SwanBench-Speech是一个针对长语音生成的综合评测基准，涵盖长语音生成和对话生成，覆盖声学、语义和表现力挑战。该基准包含1,101个样本，横跨17种常见语音场景，并从上述三个维度定义了包含7个指标的自动化评测方案。实验揭示，当前模型在高表达性场景下表现依然吃力，且在一致性与层次感上与真实录音存在明显差距。

## 正文

Recent advances in speech generation have enabled high-fidelity synthesis, yet systematic evaluation of models under long-context conditions remains largely underexplored.
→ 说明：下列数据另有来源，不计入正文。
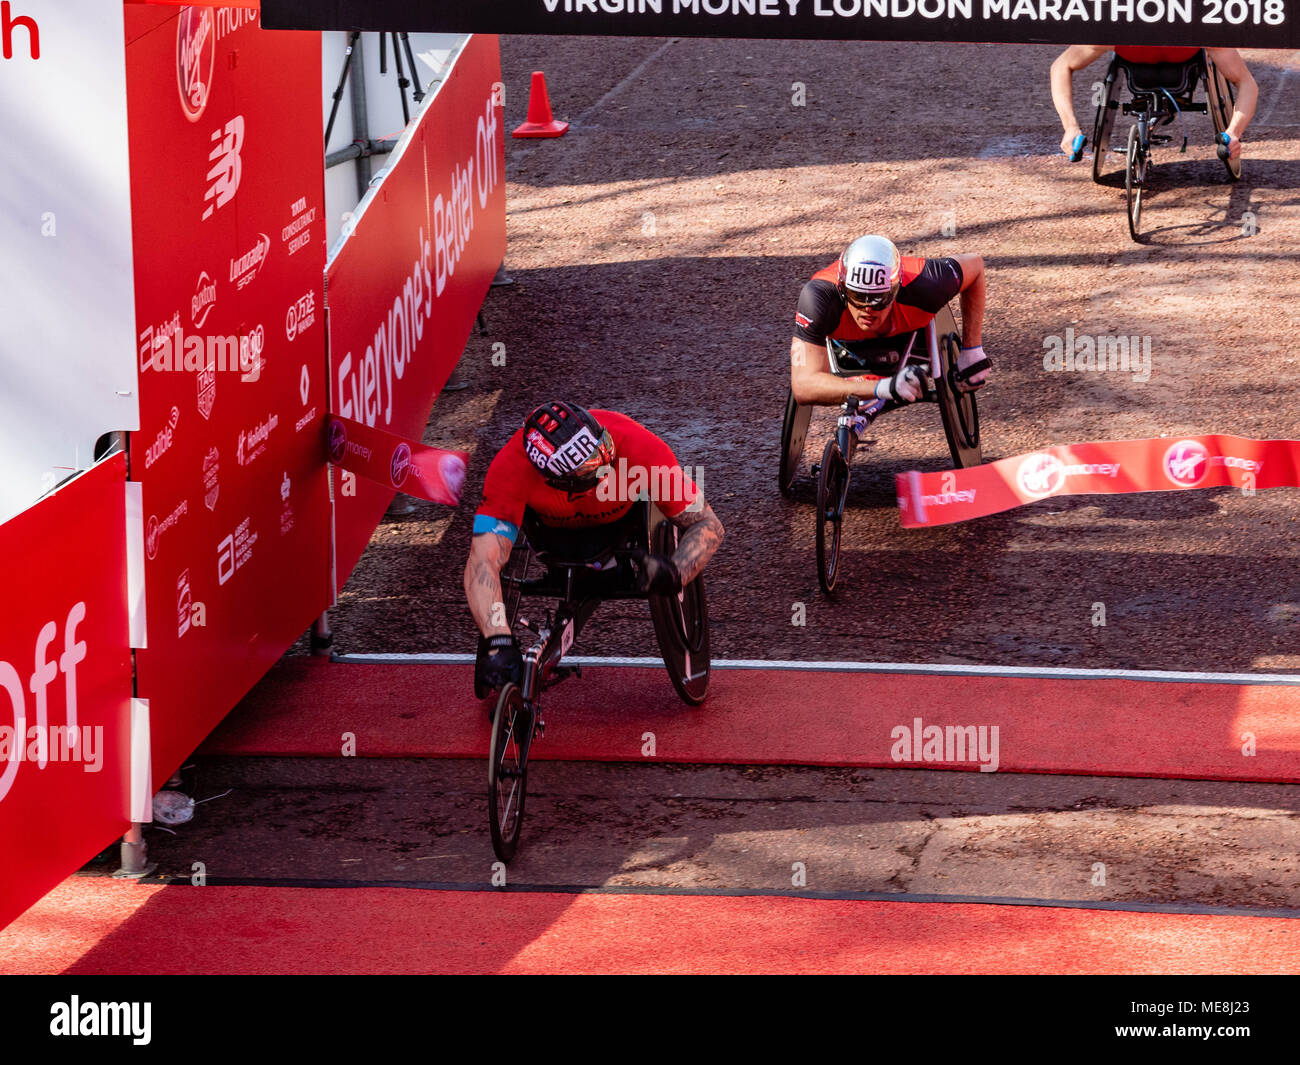 Londra, UK, 22 aprile 2018 LONDRA, REGNO UNITO, Maratona 2018 David Weir vince uomini della sedia a rotelle gara alla maratona di Londra è molto stretta eseguire calore. Credito: Ian Davidson/Alamy Live News Foto Stock

A comprehensive evaluation benchmark for long-form speech is indispensable for two reasons: 1) existing test scenarios are often confined to limited domains, creating a significant gap with the diverse downstream applications; 2) existing metrics overlook critical long-text factors such as consistency and coherence, failing to generalize reliably. To this end, we propose Swanbench-Speech, a comprehensive benchmark that decomposes long-form speech quality into specific, disentangled dimensions. SwanBench-Speech has three key properties. 1) Rich speech scenarios: Focusing on long-form speech generation and dialog generation, SwanBench-Speech covers acoustics, semantics, and expressiveness challenges, and consists of 1,101 samples spanning 17 common speech scenarios; 2) Comprehensive evaluation dimensions: Along the acoustics, semantics, and expressiveness axes, SwanBench-Speech defines an automated evaluation protocol with seven metrics to provide a comprehensive, accurate, and standardized assessment; 3) Valuable Insights: Through extensive experiments, we reveal that current models still struggle in highly expressive scenarios and exhibit a notable gap in consistency and hierarchy compared to real recordings.